Draft is a framework for easily building reliable, efficient, and scalable distributed systems. It contains all the necessary building blocks like a microservice chassis, service discovery, database connections, messaging and eventing systems, and much more. Building a good distributed system shouldn't be hard. Draft makes it easy by providing a set of tools that make building distributed systems easier.

Components of Draft

Blueprint

Blueprint is a core service that provides both a service registry and a generic key/value store for dynamic service configuration. All processes in a Draft cluster register themselves with Blueprint at startup so that Blueprint can manage all service configuration and provide a single view into the status of the cluster.

Catalyst

Catalyst is a core service that acts as the primary message broker, and actor system. Services, and clients can Produce and Consume CloudEvent messages. Currently a simple Broadcast message delivery is implemented so each Consumer of the same channel will receive the message at the same time.

Fuse

Fuse is a core service that enabled routing between Draft processes as well as ingress into the cluster. It manages an installation of Envoy to route requests from clients to services.

Chassis

The Draft Chassis provides all the necessary pieces to create Draft processes (services). It is a Go module that handles service registration to Blueprint, configuration management, graceful shutdowns, messaging protocols, and much more. The Chassis also implements a plugin system to support any type of required integration. Many of these are supported out-of-the-box like Postgres or NATS, but you can also implement your own. These plugins can be used to integration with custom providers for message brokers, loggers, databases, secret vaults, and more.

dctl

dctl is a command line tool that provides a set of commands to simplify working with a Draft system. It performs tasks like building protobufs, running services locally, and managing local infrastructure.

Project Structure

Here are some simple descriptions of what you'll find in each directory:

  • api: Definitions of data structures, RPC interfaces, event specifications, and more.
  • deployments: Configuration for deploying the Draft cluster and (optionally) its external service dependencies.
  • pipelines: Definitions of pipelines (CI/CD) which build, test, and deploy Draft.
  • pkg: Reusable packages that are shared between services. For example, the Draft Chassis which is used by all Golang-based Draft services.
  • services: Service code grouped into domains. For example, the services/core/ contains the code for the core Draft services Blueprint and Fuse.
  • tests: Functional tests used to make sure features are functioning with each release end to end.
  • tools: Clients and tooling for working on Draft systems. For example, the Draft CLI (dctl).

Getting Started

Prerequisites

  • Go v1.21 (we suggest using gvm for easier version management)
  • Docker
  • Kubernetes (this is for running testing suites locally: if on Mac or Windows you can use the Kubernetes engine built into Docker Desktop)
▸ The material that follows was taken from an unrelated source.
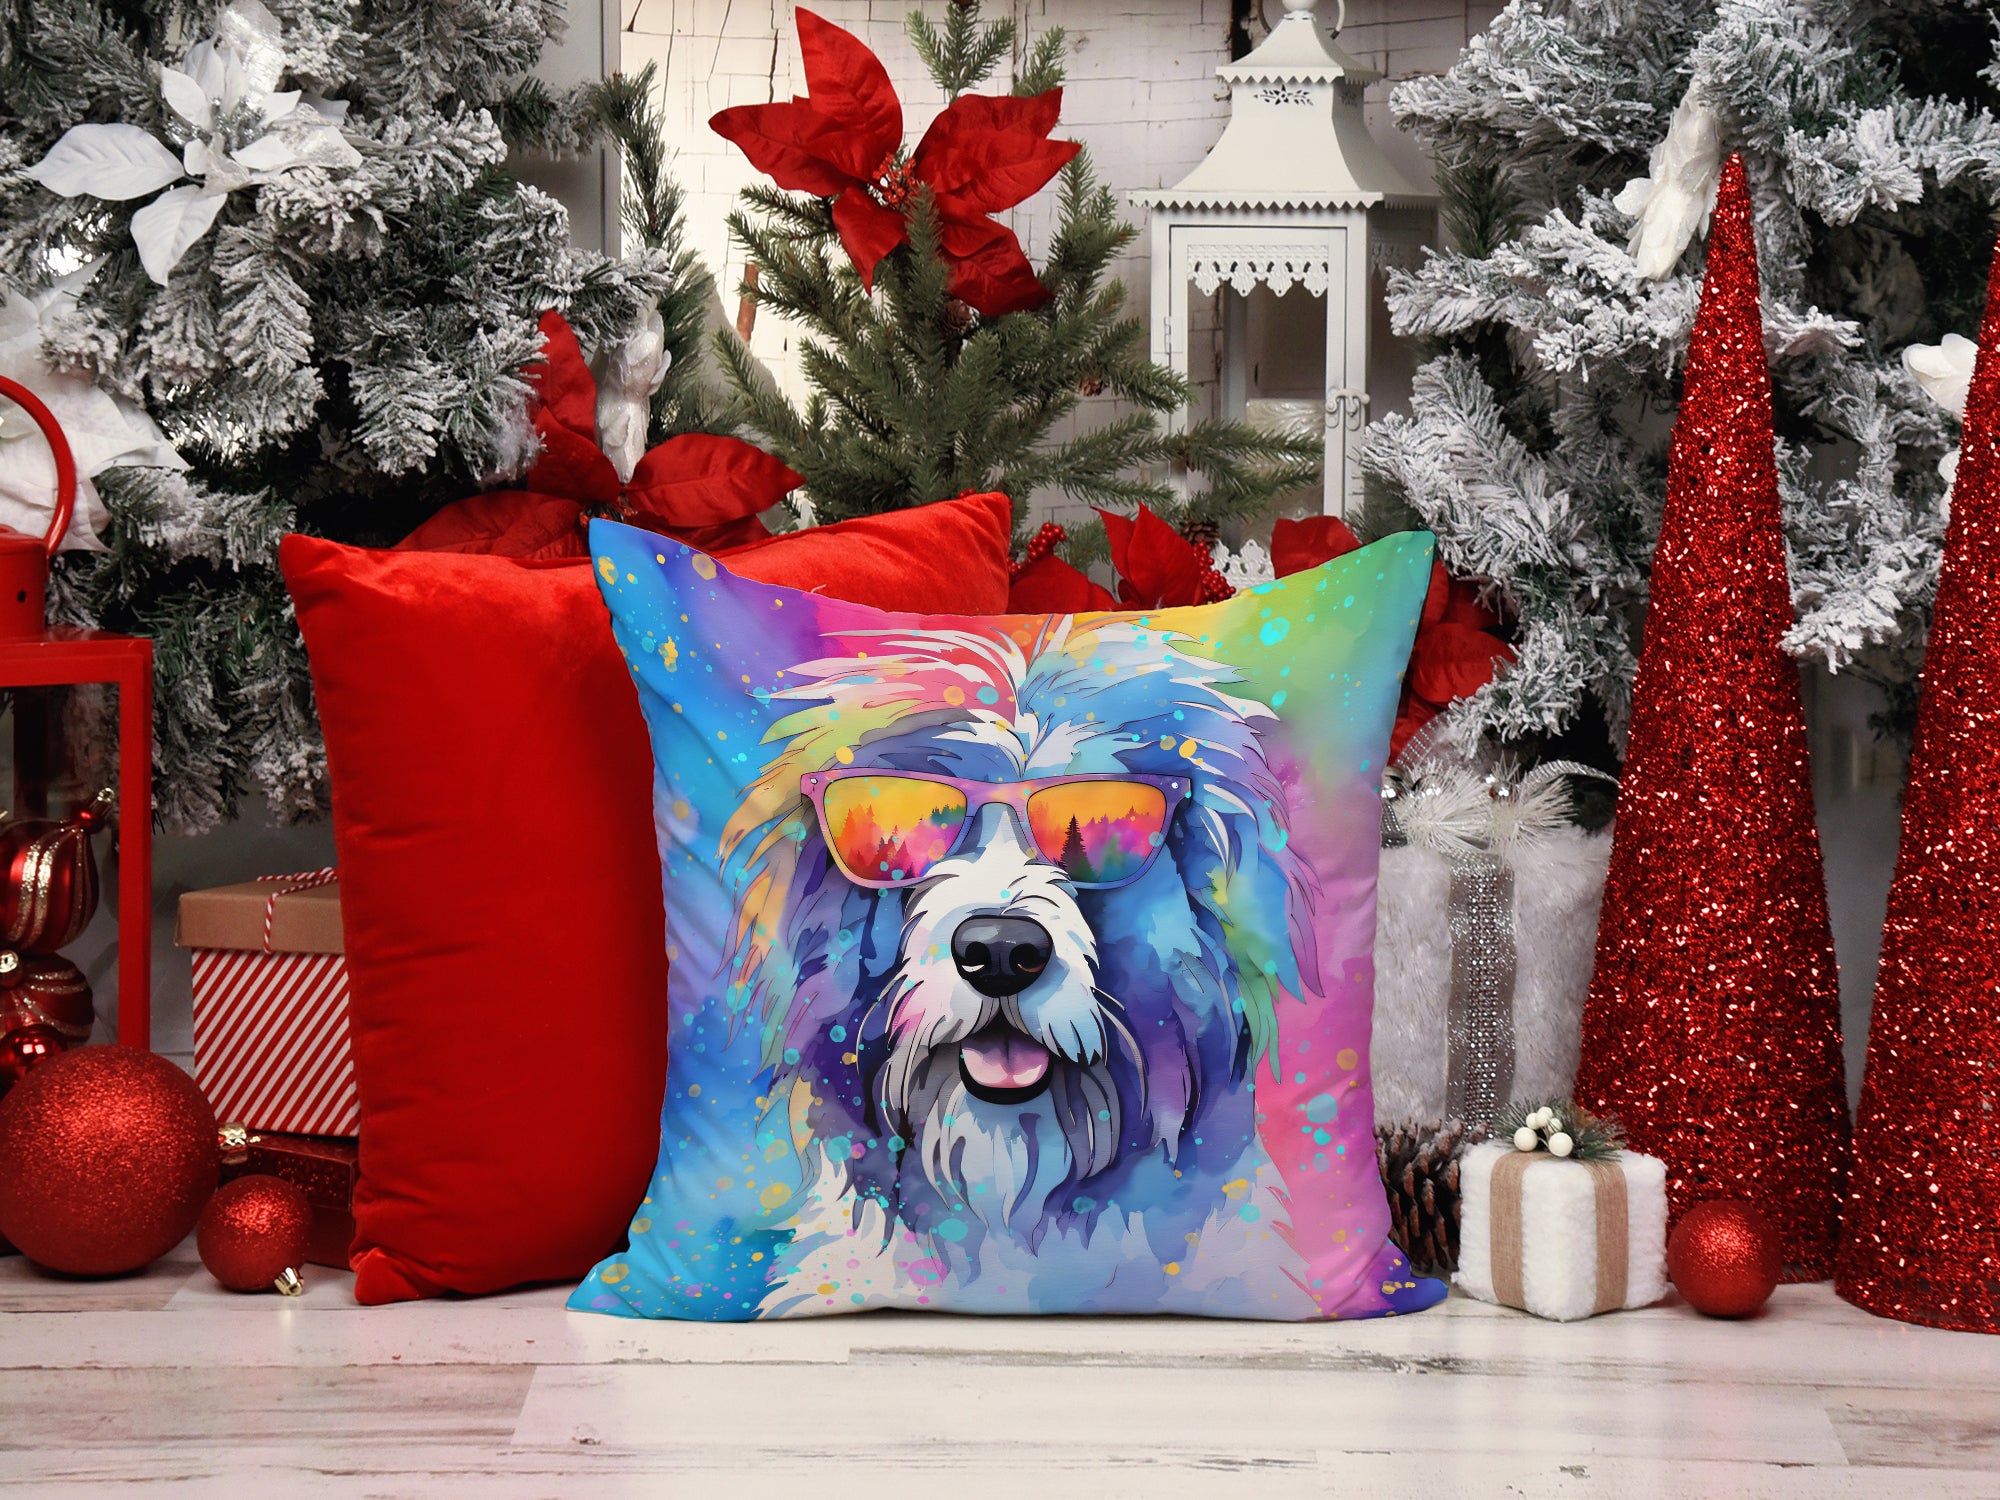 Buy this Old English Sheepdog Hippie Dawg Fabric Decorative Pillow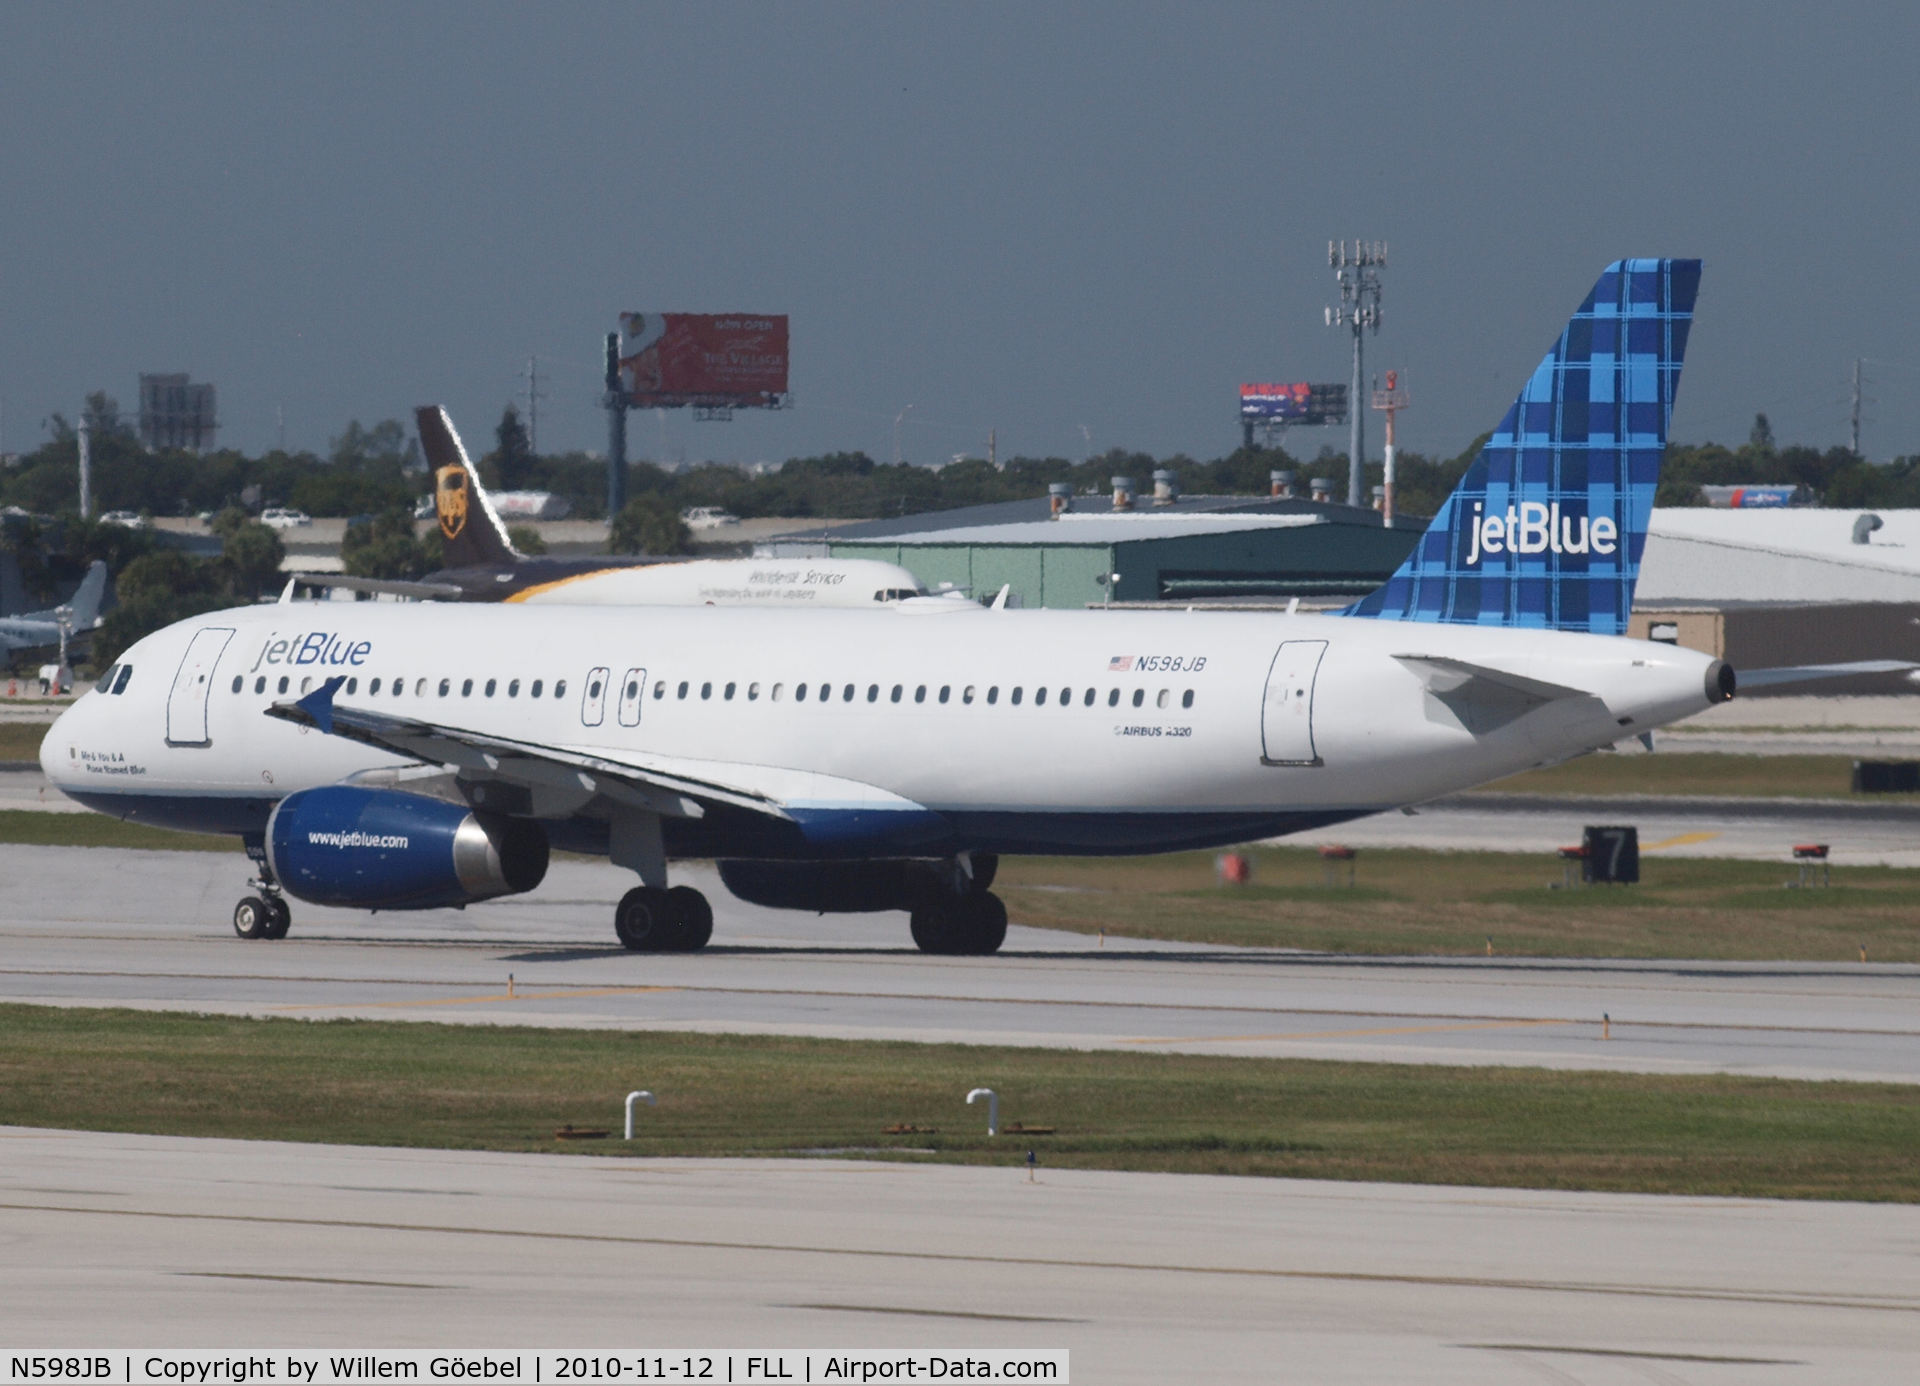 N598JB, 2004 Airbus A320-232 C/N 2314, Taxi to the gate of FLL airport

You'll need the dctl CLI tool to work with everything in Draft. Let's install it now:

go install github.com/steady-bytes/draft/tools/dctl@latest

We'll need to import this project as a usable context into dctl so it can manage things for us. After cloning the repo run the below command from the root of the repo:

dctl context import

Now you can set up your local environment:

# initialize and start local infrastructure using Docker
dctl infra init
dctl infra start

# initialize and do a first generation of the API
dctl api init
dctl api build

# test run some domains
dctl run --domains core,examples

Future Components

Foundation

  • Content Delivery Network: Most applications need to store files from .pdf's to .mov files. The file host will control the life cycle of assets that will be used by the system.

Future Ideas

  • Command Handler: The interface to invoke a command, or a write to the system.
  • Query Handler: The interface to gather information from the system
  • Event Store: The means to which each event is emitted (stored, and forwarded). It's a similar concept to the write ahead log for all the events in the system. The underlying storage facility has yet to be determined, however ScyllaDB or ClickHouse are the first two in the running. I like the idea of ClickHouse because the system will most likely already have an instance of this because of what will be used for logging. It's basically a wrapper around a message bus, or message queue. In the case of draft we are using red panda it's a kafka replacement rewritten in c++.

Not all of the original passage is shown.